Whether it's the ADA, the Centers for Disease Control and Prevention, or the American Association of Diabetes Educators, she's an oft-quoted expert. She's traveled the world many times discussing education and diabetes.

"She's absolutely fantastic," said Dr. Allan L. Drash, the retired pediatric endocrinologist at Children's Hospital who hired her in 1972 then agreed with her idea to start a diabetes education center at the hospital. "She had tremendous energy and was very good with people. She has the talents to make things like that go without problems.

"I don't know anyone at that level who has done what she's done politically and day to day with the general work of the center," he said. "She's super."

Her father died in 1979 at 52 after suffering a series of strokes, one of the many complications of diabetes. Control in that era was difficult because there was no means to test blood sugar at home, making diabetes a "guessing game." Complications also can include heart disease, renal failure, nerve damage leading to amputations and blindness, among other ailments.

"It was no surprise why people had problems back then," Dr.
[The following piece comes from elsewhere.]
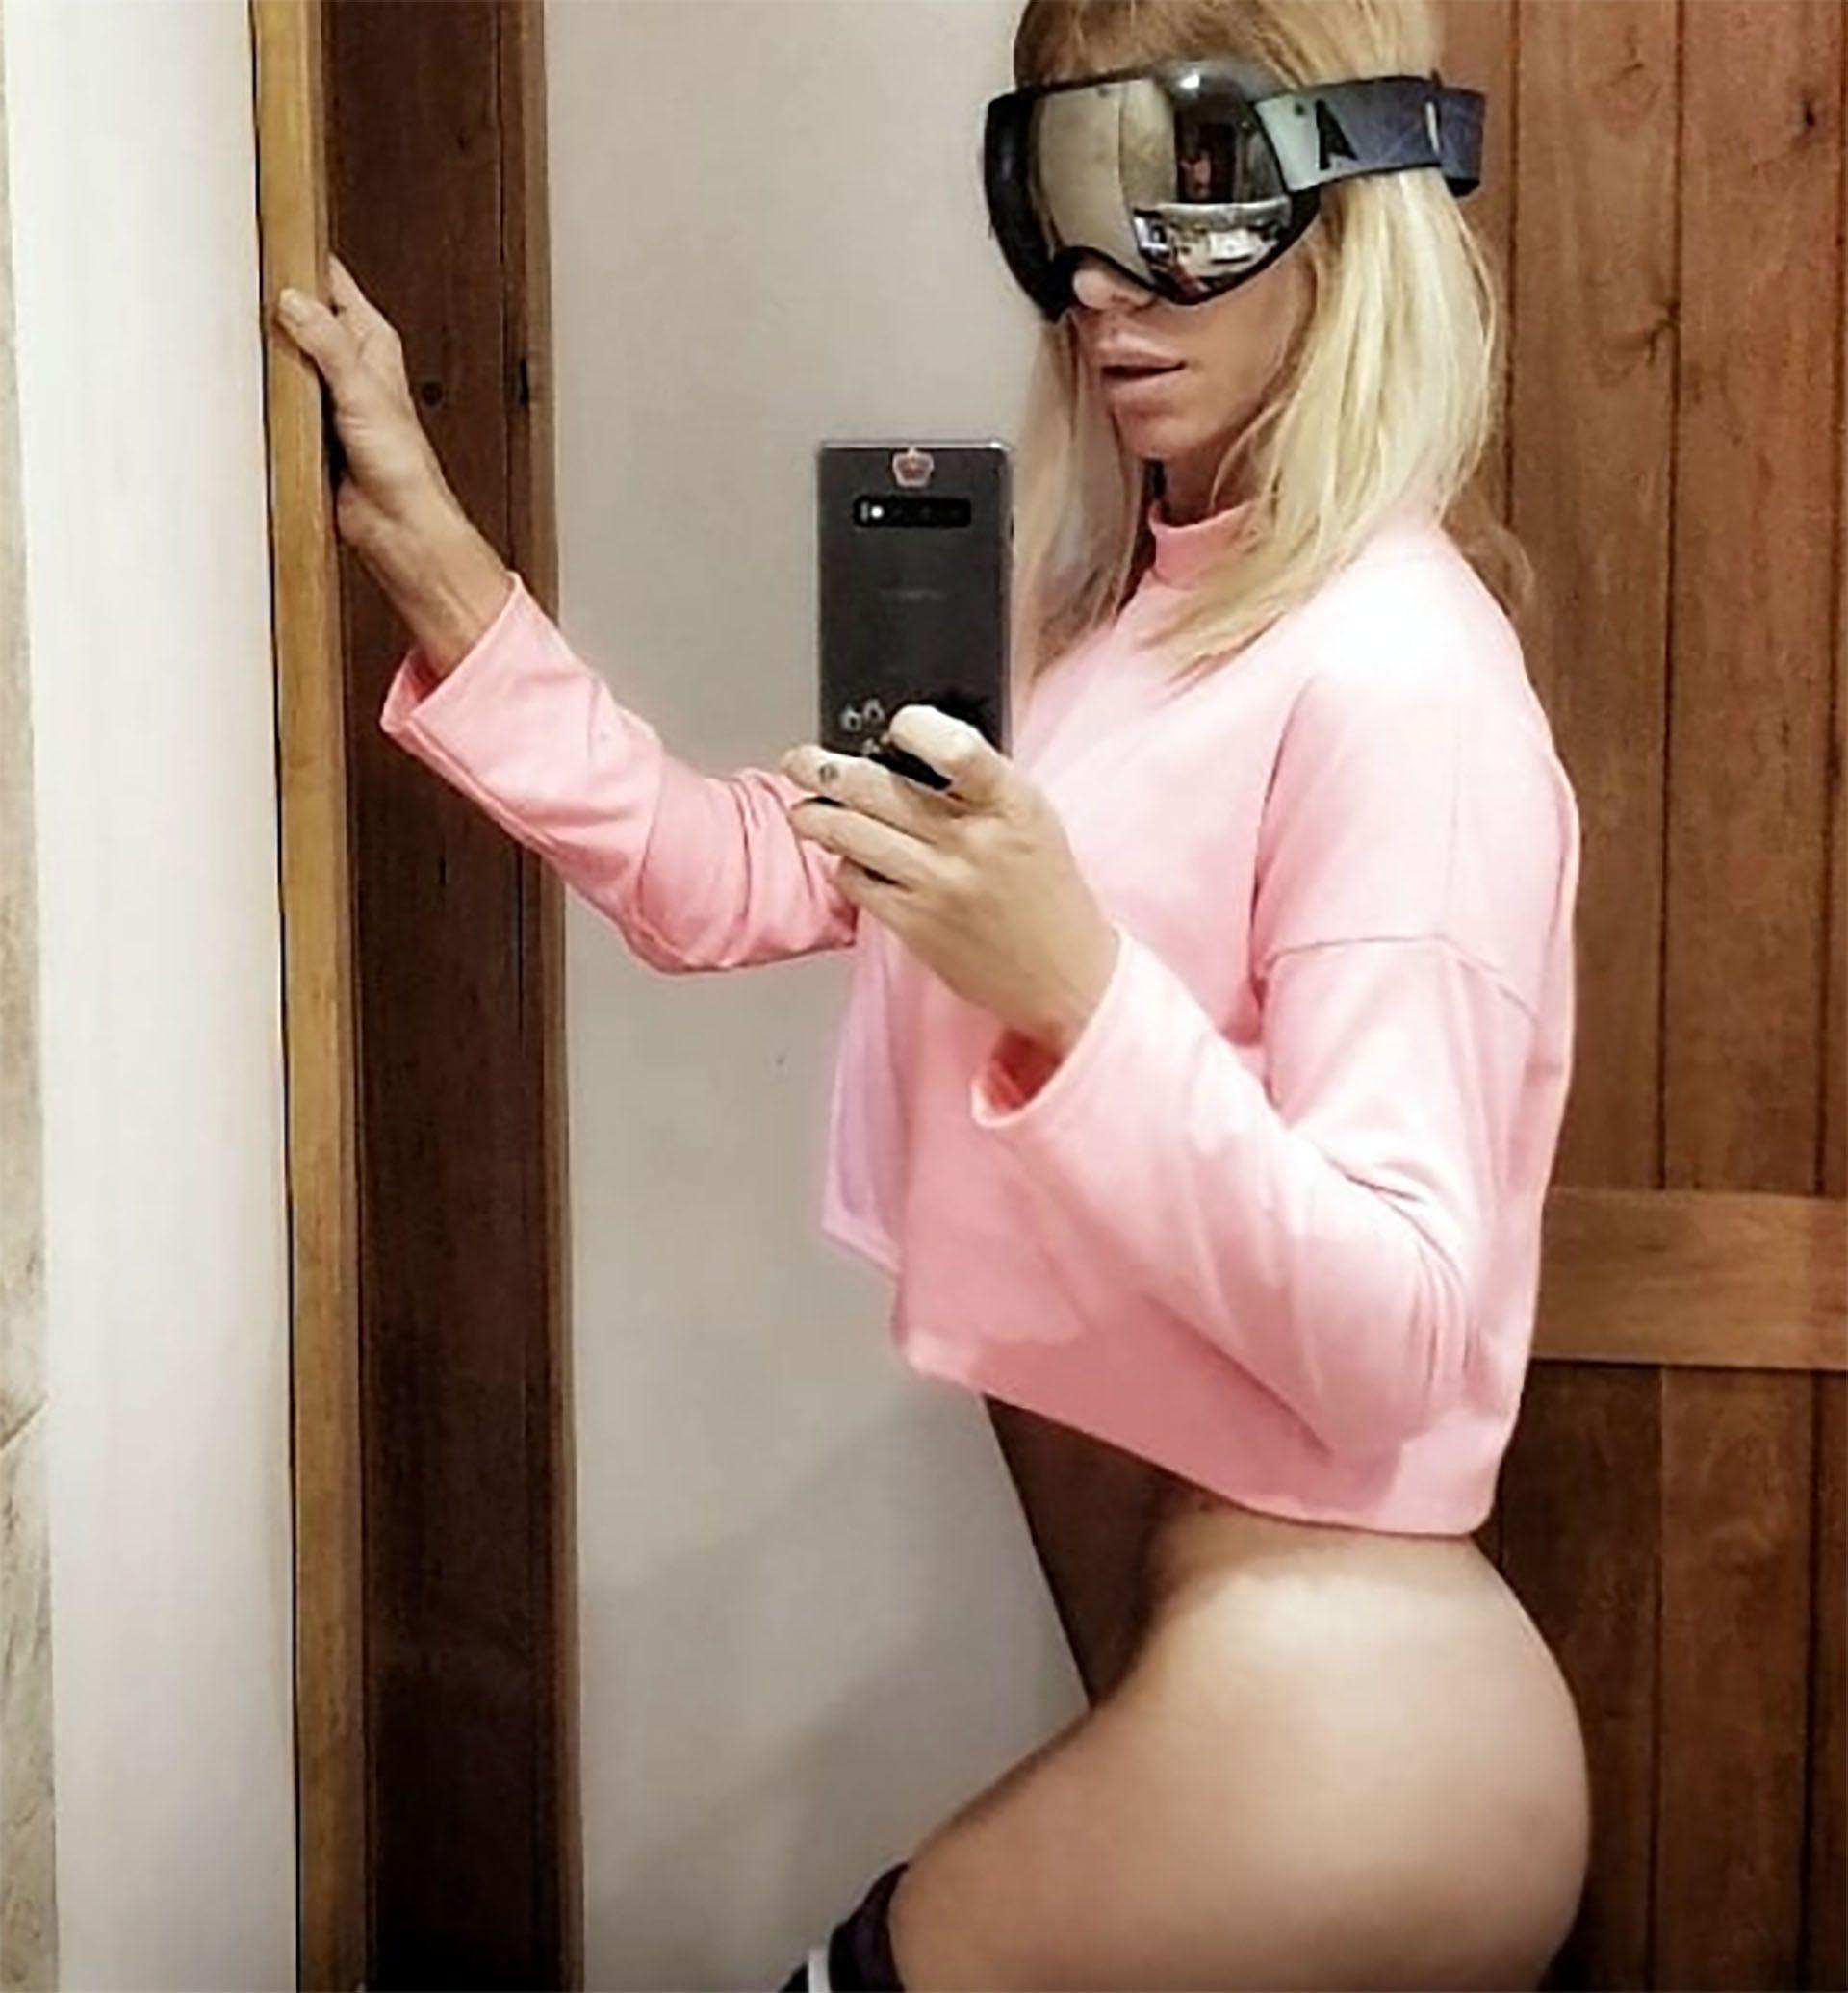 La selfie sensual de Nicole (Instagram)

Siminerio said. "I wanted to expand education so people know how it fits together and how these things work. You should be able to self-manage, but of course, you need direction."

Control remains difficult but is feasible now with new medications, insulin pumps, and blood glucose monitors, as long as people understand the disease and the process of control.

Dr. Siminerio received her nursing degree in 1972 at Penn State University, then a master's degree in child development and child care in 1978 from Pitt's School of Health Related Professions. She earned a doctoral degree in health education from Penn State in 1998.

Dr. Drash said Dr. Siminerio was the first nurse he hired at Children's. At the time, diabetes education programs were unheard of, and many doctors and healthcare officials discounted the need for them.

Dr. Drash, whom she describes as her mentor, pioneered modern diabetes care, having published hundreds of studies and doing speaking engagements around the world.

The educational program Dr. Siminerio developed at Children's Hospital included a diabetes camp for children. The ADA-sponsored camp is held each year at Camp Crestfield, near Slippery Rock, Butler County. To save time for diabetes educators, the institute has developed a questionnaire to evaluate a patient's willingness to follow treatment regimens and outline a course of action. Without the process, educators would spend countless hours questioning patients to gauge their willingness to follow a treatment regimen.

Tests already prove its value, and Dr. Siminerio now is working to have Medicare adopt and pay for the process. She also has done considerable work in developing chronic-care management models for Gov. Ed Rendell for diabetes treatment statewide.

But Dr. Siminerio said pharmacists and nurses could serve as educators and answer questions about medications, testing equipment, diet and exercise. Nurses could be trained to adjust medications and suggest lifestyle changes for people struggling with control.

For now, doctors must make those decisions.

Centers for diabetes education and management also could be established based on the MedExpress model, where people can walk in for service when needed. Such centers could be placed in malls or Wal-Mart stores.

"I believe that if we put money into educational resources, we would save health-care costs," Dr. Siminerio said.

But it's important, she said, that experts are "all singing off the same song sheet" to kick-start such statewide and national projects. Key is adopting standards of care based on science.

It's just the latest of ideas that have been roiling around in her mind ever since that fateful breakfast.